# Red Snapper Recipes??



## speardiver4558 (Apr 1, 2009)

Need some comments, please!!

I have been out several times over the past couple months and have caught way more fish that my wife and I can eat!! (guess that is not a bad thing) Well, I am starting to get tired of the same old fried fish (not that it is bad) because of all the work of preparing the batters, oil and clean-up. It just seems like the fish in my deep freezer isn't going away at all...

Need some quick grilled, blackened or baked recipes for red snapper, aj's, grouper etc... Anything is helpful!!


----------



## countryjwh (Nov 20, 2007)

for a quick fix just soak some of the fillets in italian dressing for a while and put on the grill and sprinkle some tony's on top while it is cooking. this is pretty good and is fast.


----------



## Instant Karma (Oct 9, 2007)

We love ceviche with our fresh snapper. Don't be intimidated by it being "cooked" by the kime juice only, it is great!!!
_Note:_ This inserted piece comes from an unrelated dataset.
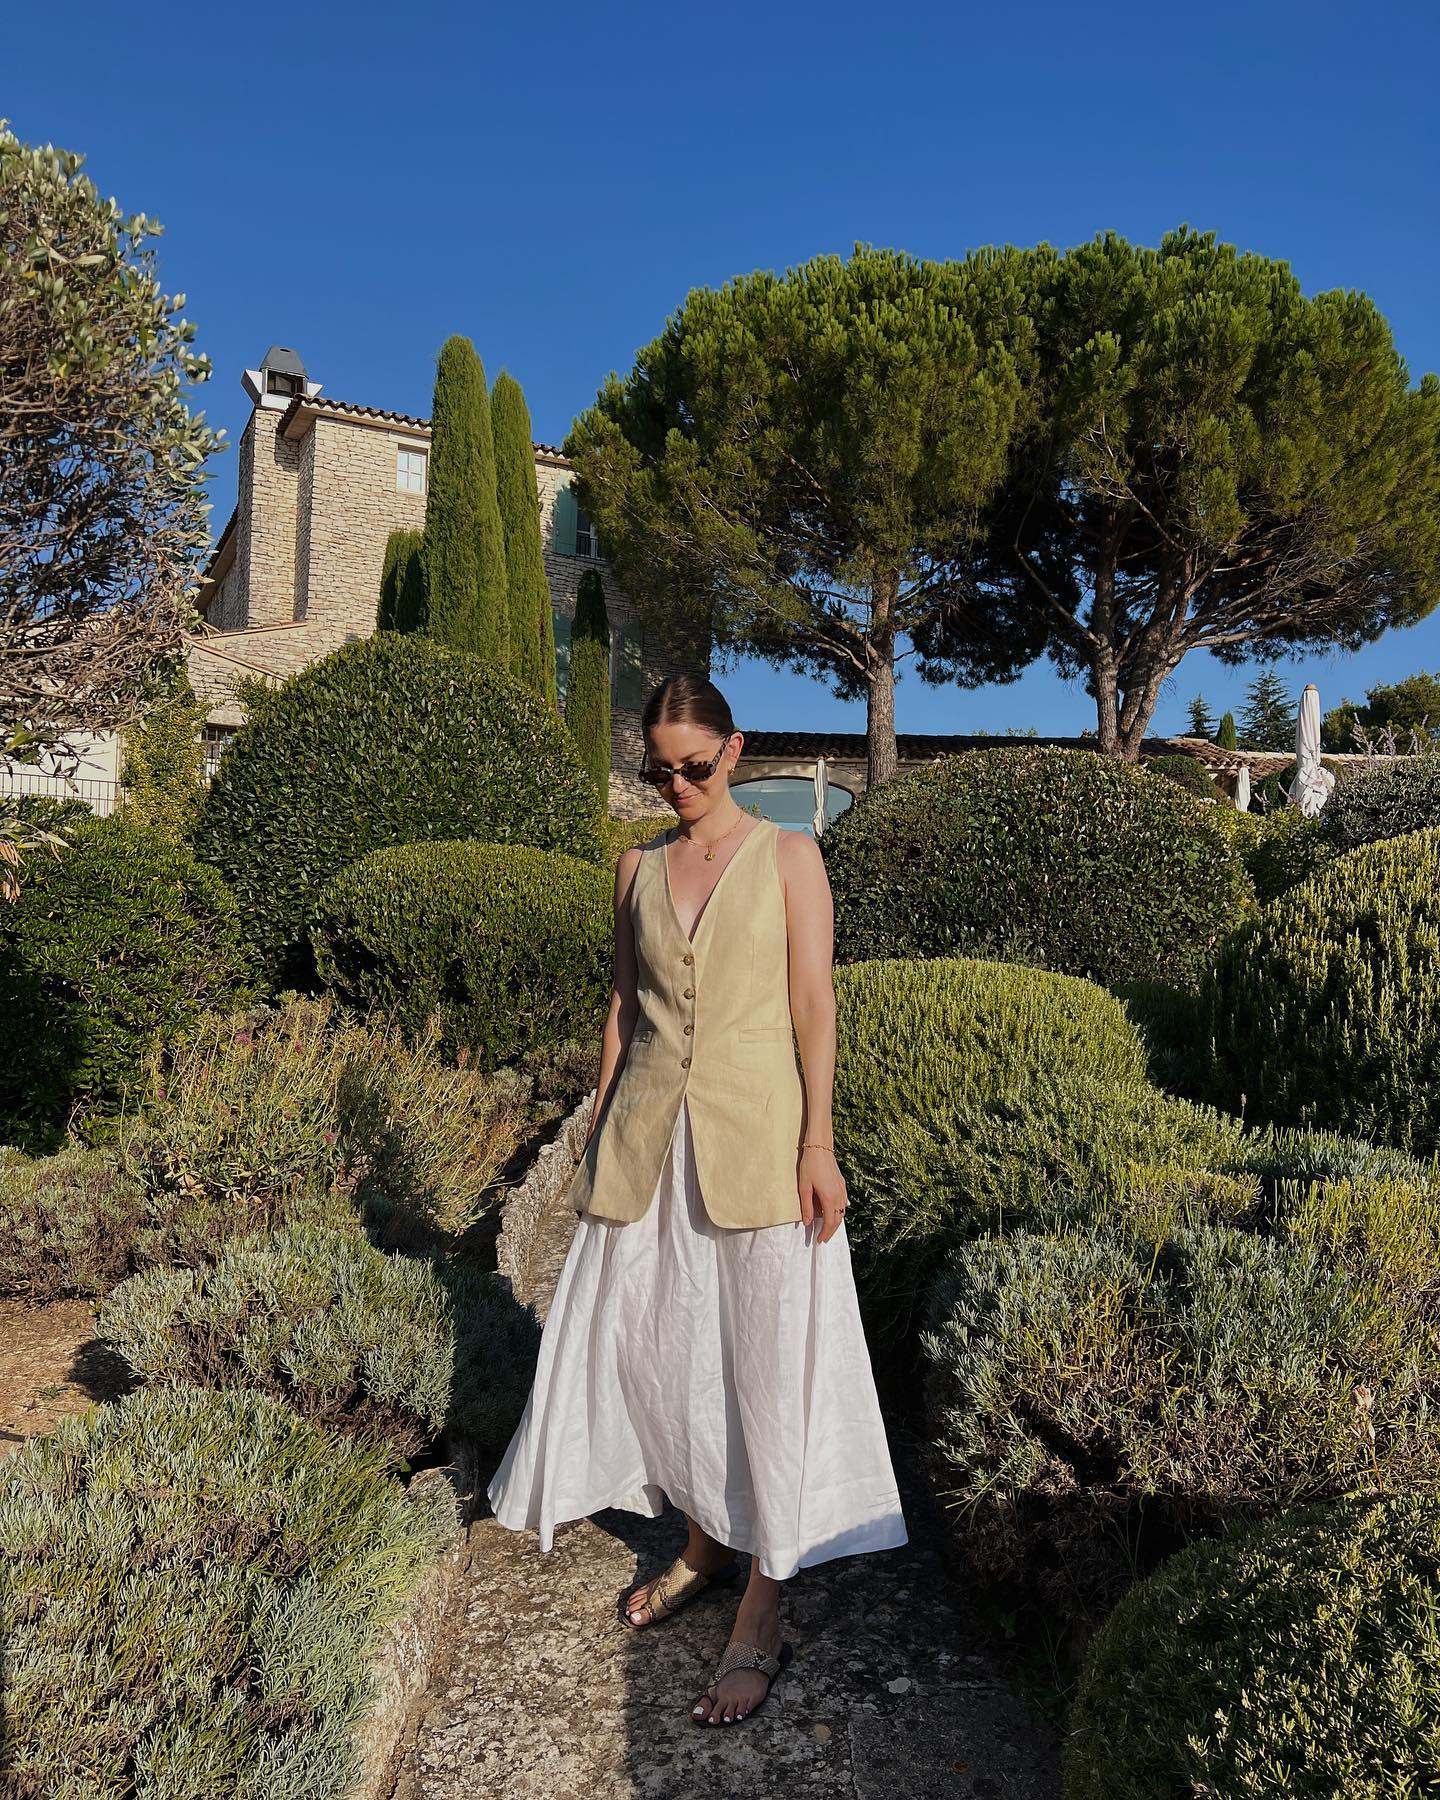 French girl linen outfits: @ruerodier

This is our fav right now. Served with some crackers or crusty bread, to die for!!!



http://www.foodnetwork.com/recipes/ceviche-recipe2/index.html


----------



## speardiver4558 (Apr 1, 2009)

Thanks you guys!! I have been wanting to try other recipes, but worried about ruining the fish!! I will definitely give them a chance.


----------



## FelixH (Sep 28, 2007)

Lay the fillets in a deep baking pan. Sprinkle generously with Cavender's Greek seasoning.

Cover with thinly sliced green pepper and onion. 

Then add a bunch of kalmata olives and crumbled feta.

Finally, drizzle some good olive oil over the whole thing, and bake at 400 degrees until the thin edges of the fillets start to brown and crisp a little.


----------



## P-cola_Native (Feb 5, 2008)

> *Instant Karma (8/3/2009)*We love ceviche with our fresh snapper. Don't be intimidated by it being "cooked" by the kime juice only, it is great!!!
> 
> This is our fav right now. Served with some crackers or crusty bread, to die for!!!
> 
> ...


----------



## ScullsMcNasty (Oct 4, 2007)

i fried up some snapper fingers last night. i mixed up flour, Seafood Magic and garlic salt to taste for the batter. double battered the fingers and fried. man they came out really really really good! probably the best fish ive ever fried. that seafood magic is awesome


----------